Prognostic Condition Monitoring for Wind Turbine Drivetrains via Generator Current Analysis

Maintenance costs account for a significant portion of the total cost of electricity generated by wind turbines. Currently in the wind power industry, maintenance is mainly performed on regular schedules or when significant damage occurs in a wind turbine making it inoperable, instead of being determined by the actual condition of the wind turbine. Among the total maintenance costs, approximately 25%~35% is related to regularly scheduled preventive maintenance and 65%~75% to unscheduled corrective maintenance. To reduce the failure rate and level and maintenance costs and improve the availability, reliability, safety, and lifespans of wind turbines, it is desirable to perform condition-based predictive maintenance for wind turbines, which will require a high-fidelity online prognostic condition monitoring system(CMS) for fault diagnosis and prognosis and remaining useful life(RUL) prediction of wind turbines.
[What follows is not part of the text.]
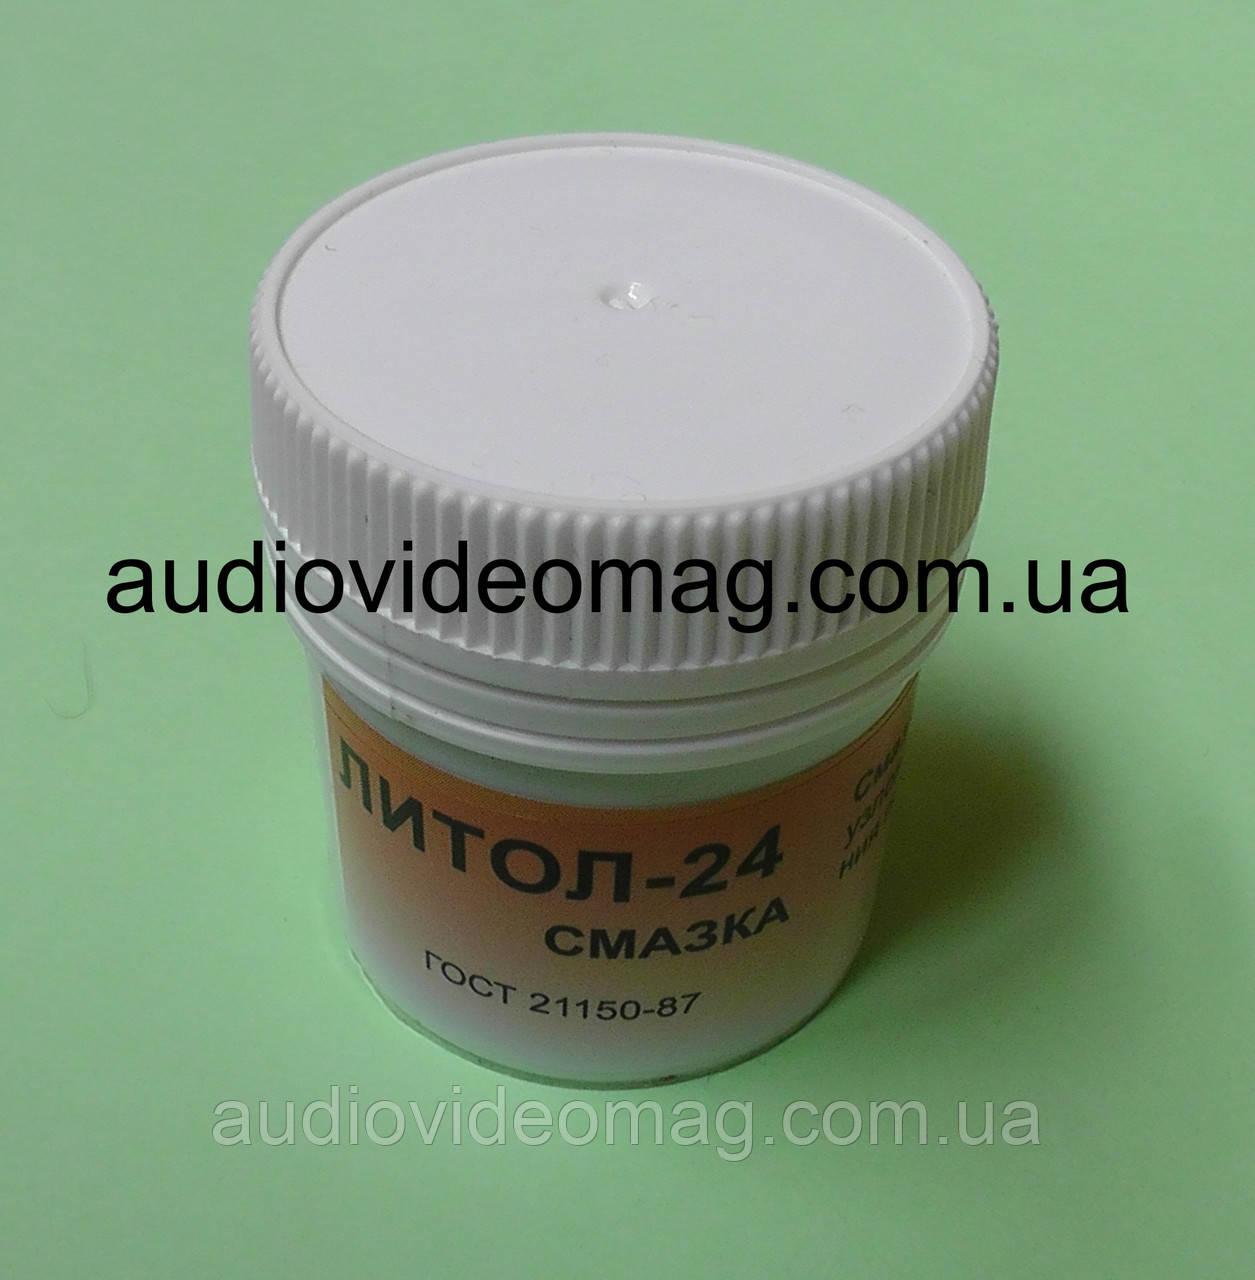 Смазка Литол-24, 35 грамм

Most of the existing wind turbine CMSs are based on vibration monitoring and have no or limited capability in fault prognosis and RUL prediction. Compared to vibration monitoring, the prognostic condition monitoring techniques based on generator current signal analysis proposed recently have significant advantages in terms of cost, hardware complexity, implementation, and reliability. This paper discusses the principles and challenges of using generator current signals for prognostic condition monitoring of wind turbine drivetrains and presents an overview of recent advancements in this area.